If I’m being honest, I haven’t been doing enough of that lately. And I should know better by now. Reflecting on the equinox has me thinking about finding balance in life, something I’ve struggled with lately, emotionally and personally.
September has always been a time for harvesting the fruits of the summer, for change, and for magic. But this year, it’s hit me differently.
Real Talk: The Ups and Downs
I’m living the life I dreamed about—sorta. The vision board, the journal entries, the dreams—they’ve come true, but there’s still something missing. It’s that “sorta” that’s making me feel off-balance. What’s missing feels bigger than what I’ve achieved, and that scares me. Am I chasing something that will ever be enough? Will I ever be enough?
I’ve spent years learning about mental health, depression, movement, and mindfulness practices. I know the tools, but even with all that knowledge, I still fall into old patterns. Isn’t that how life is sometimes? It’s like doing the Hokey Pokey—one step forward, one step back—and it’s a dance that feels pretty lonely.
Pretending everything is fine is exhausting. I’d rather be real, vulnerable, and true to who I am than fake it ’til I make it.
The Loss of Teaching
I miss teaching. It has been my constant since 2011. When I stop teaching, it usually means life is in a downswing. And right now, I feel that loss.
It’s not just the movement—though the benefits of movement are endless—it’s the connection, the community, the laughter, the shared purpose that makes teaching so magical.
Moving to North Berwick was supposed to bring more in-person movement into my life, but life had other plans. I’ve stopped teaching online too, and I didn’t realize how much I’d miss it.

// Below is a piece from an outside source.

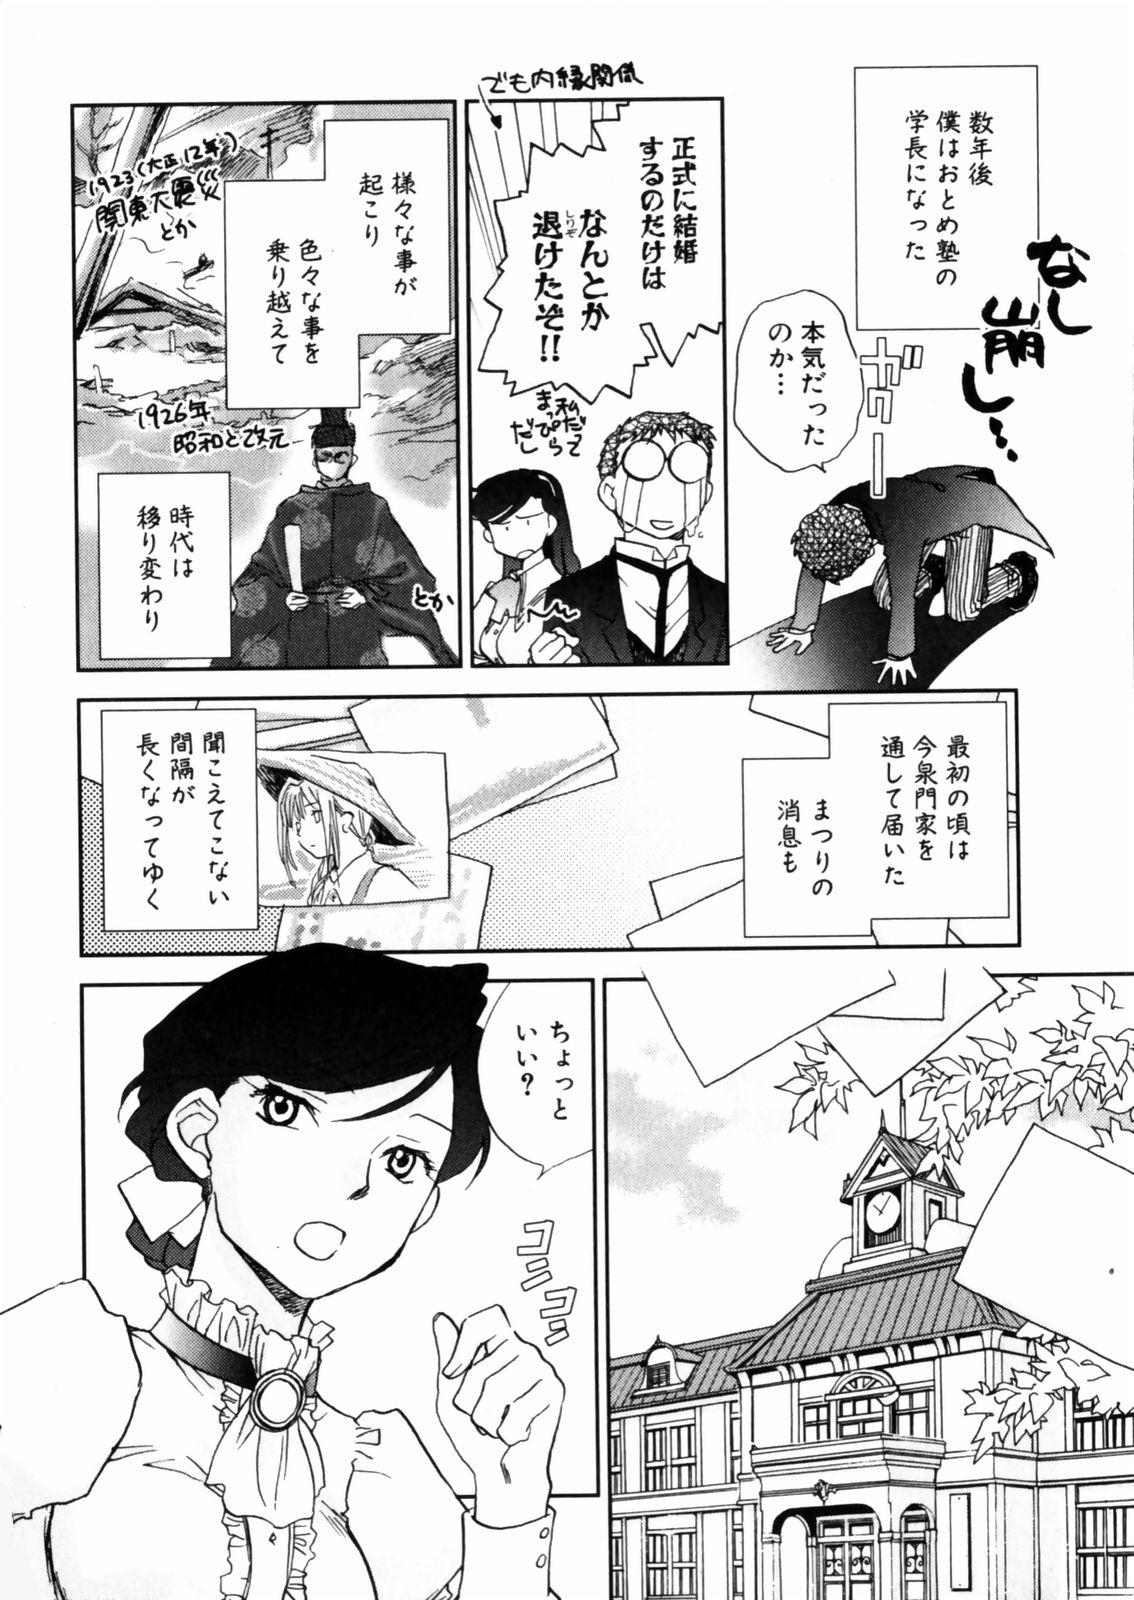 [Okano Ahiru] Hanasake ! Otome Juku (Otome Private Tutoring School) Vol.2 133

Here I am. And here you are, still reading—so thank you for sticking with me this far.
Becoming “Optimystic”
One thing this journey has taught me is that finding balance in life isn’t easy. Being optimistic doesn’t mean ignoring the heavy stuff, and being mystical doesn’t mean rejecting practicality. It’s about blending the two. That’s why I’m embracing the idea of being optimystic—finding balance between optimism and mystical curiosity.
Wanna join me?
Looking Ahead
Despite all the doubts, I’ve managed to keep writing. Sady’s story is coming together, and even though I wonder if anyone will read it or care, I’m trying to stay hopeful. This week is a powerful one: it’s the Full Moon in Pisces and the Autumn Equinox. Expect emotional intensity and creative sparks.
I’ve been putting so much energy into Sady’s story that I’ve neglected my magical writing—Moon Musings, Rituals, and the like. But with this equinox energy, I feel drawn to return.
As I navigate this season of change, I’m thinking about finding balance in life—between the practical and the magical, the ups and the downs. What about you? How are you feeling this Equinox? What balance are you seeking?